Once his playing career was over, Don was Joe Torre’s bench coach in 2004 as the Yanks held a seemingly commanding 3-0 series advantage over the Boston Red Sox in the ALCS, only to lose four in a row. He coached the Yankees from 2004-07 and the Dodgers from 2008-2010 before landing the job as the Dodgers’ manager from 2011-2015. While managing the Miami Marlins from 2016-2022, he earned NL Manager of the Year honors in 2020 as the Marlins earned their first playoff berth since winning the 2003 Fall Classic. Don and Miami parted ways after the 2022 season.
New York retired his No. 23 jersey, making him the lone Yankee with his number retired without having won a World Series with the team.
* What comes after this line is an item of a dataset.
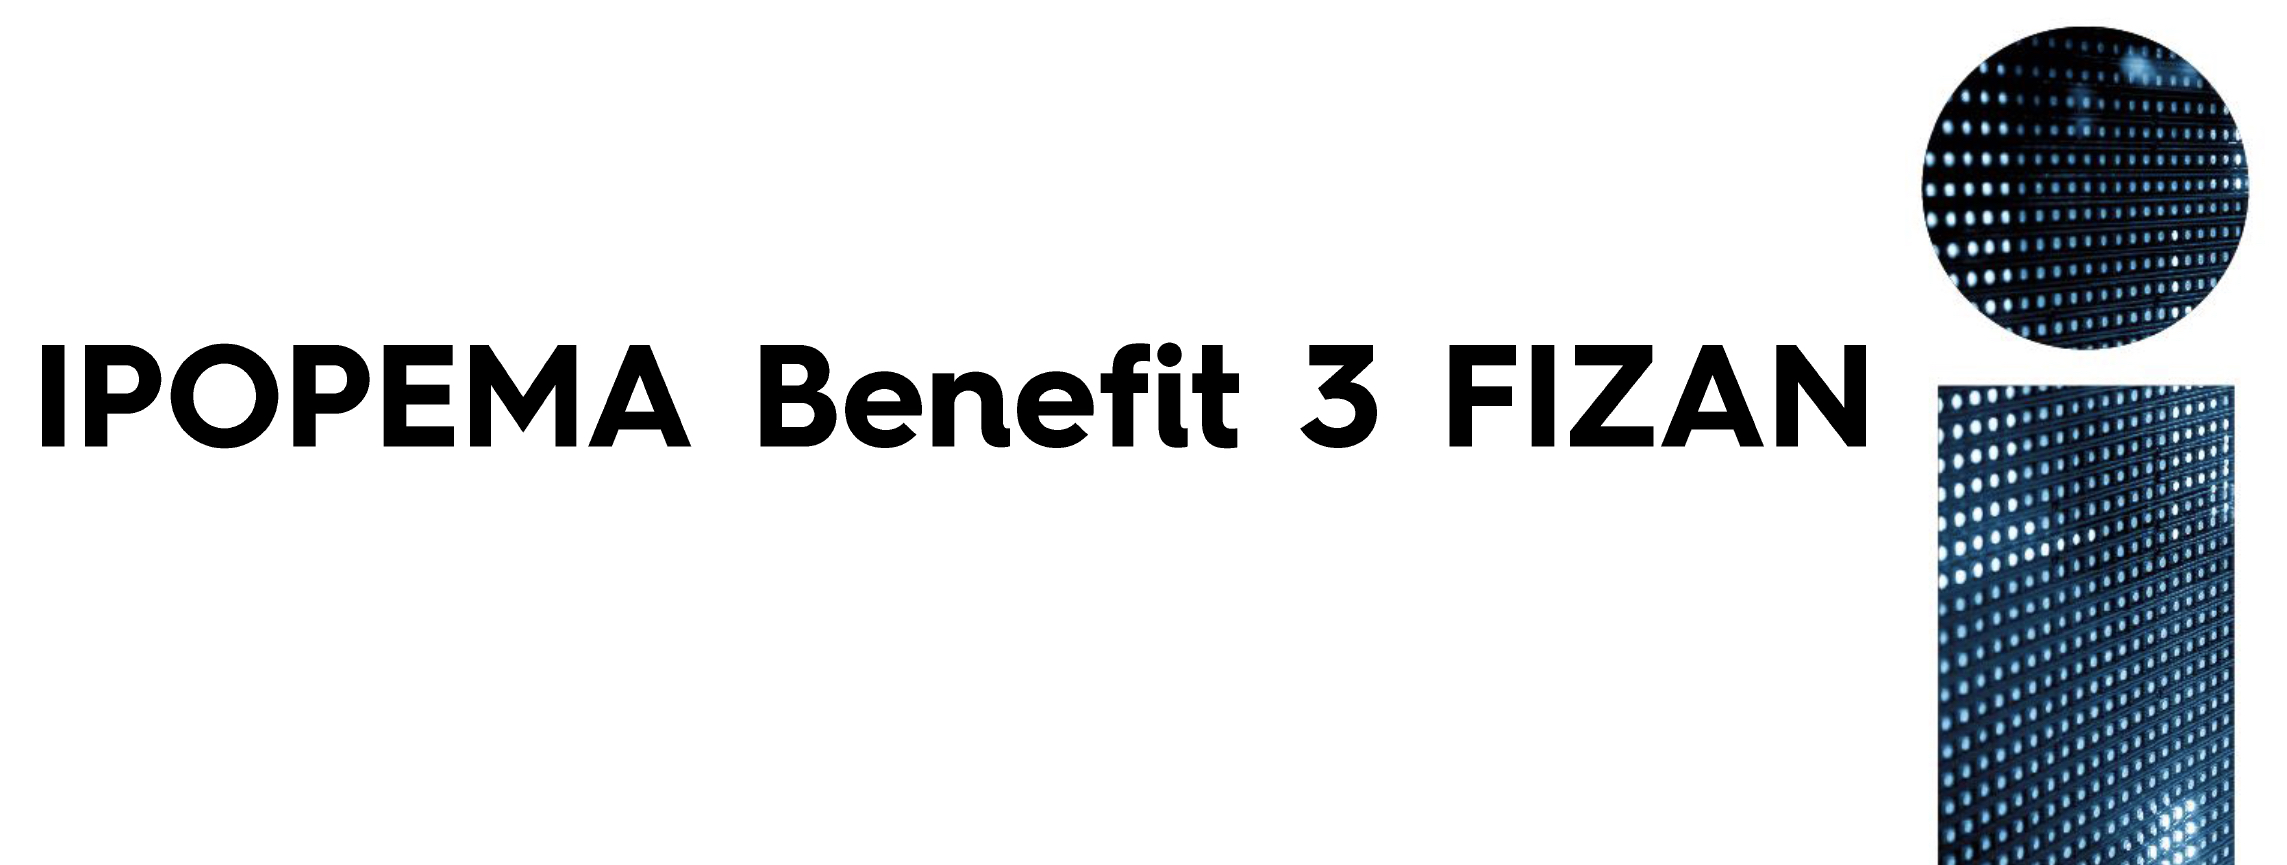 Ipopema Benefit 3 FIZAN już dostępny

Now, he hopes to check that box with the Phillies.
A Baseball Lifer’s New Chapter
After his contract expired with the Blue Jays in fall 2025, Don thought his days in the dugout might be over. “I knew that was it in Toronto,” says Don, who lives in Evansville each off-season. “I thought it was time to come home, but (Louie) seemed to be having such a good time after going to the World Series that he didn’t want it to be done.”
But Don really didn’t want to manage again. “It is a lot because you don’t really have an offseason,” he told Evansville Living before spring training for the 2026 season. “You have to meet with the media twice a day and deal with the front office and free agency and contracts. I don’t want to say I didn’t have the energy to manage again. It was probably more about drive, if I wanted to do that much. I’m more of a teacher.” But his next words eventually proved prophetic: “I’ll help any way I can.”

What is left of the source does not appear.